Rebecca Niederlander
Family tree: Satellites and Eclipses, 2009
Plastic insulated electrical copper wire
36” x 36” x 36”

My studio building is in the midst of my garden. The structure was built when I was pregnant with my daughter and as I watched this amazing tall building being created I couldn’t help but think about the similarity between that and the life being created inside my body. My garden was already a growing entity, adopted when we bought the house, and motivated by the desire to create as much delight as possible. As the studio was built, I became entranced by the plastic-coated electrical copper wire that runs through the electrical freeways in the walls and began making suspended sculptures and mobiles from the same wire.
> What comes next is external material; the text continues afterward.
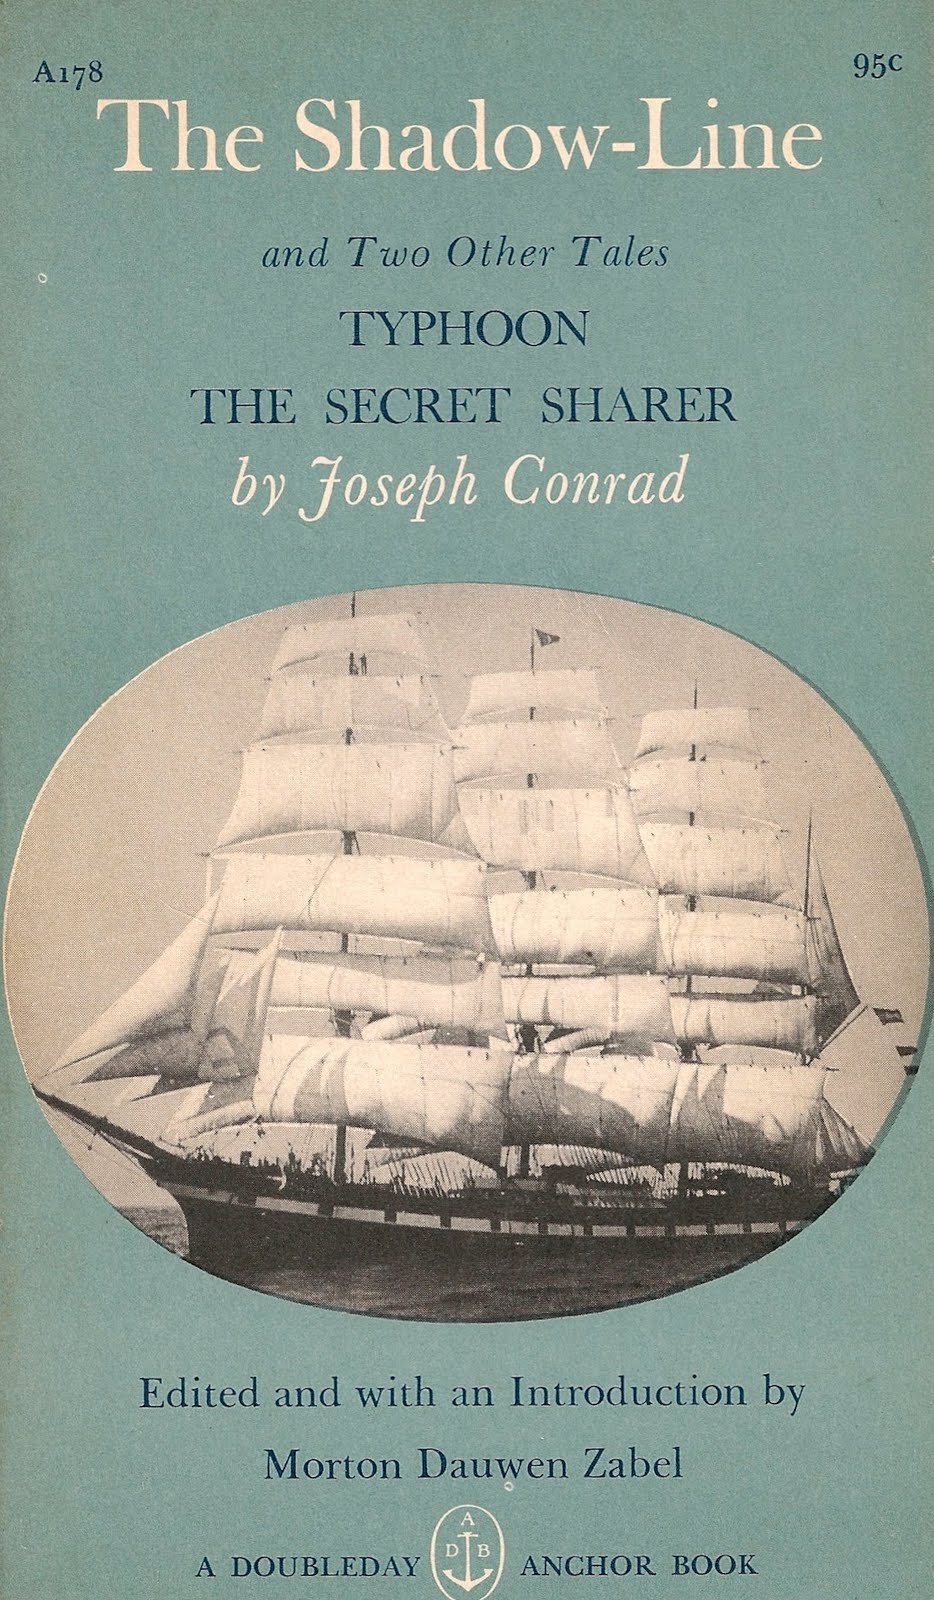 conrad the shadow line  Dreamers Rise: Conrad at Anchor

Suspended works have an indeterminate quality, and mobile in particular have a lack of manageability. In 1946 John-Paul Sartre writing about Alexander Calder's mobiles, noted that they are "sensitive symbols of Nature, of that profligate Nature which squanders pollen while unloosing a flight of a thousand butterflies; of that inscrutable Nature which refuses to reveal to us whether it is a blind succession of causes and effects, or the timid, hesitant, groping development of an idea." Starting from a place of equilibrium, they are constantly capable of becoming something else entirely, something not planned for. As such, a mobile is a straightforward placeholder for the experience of parenthood. With the birth of my daughter, life has certainly become something else entirely. The idea of family/trees, branching out, rootedness, all these double entendres, have come to have a new, deep and glorious meaning. Additionally, some of the works are also pull-toys and my on-site tester gleefully tells me her favorites.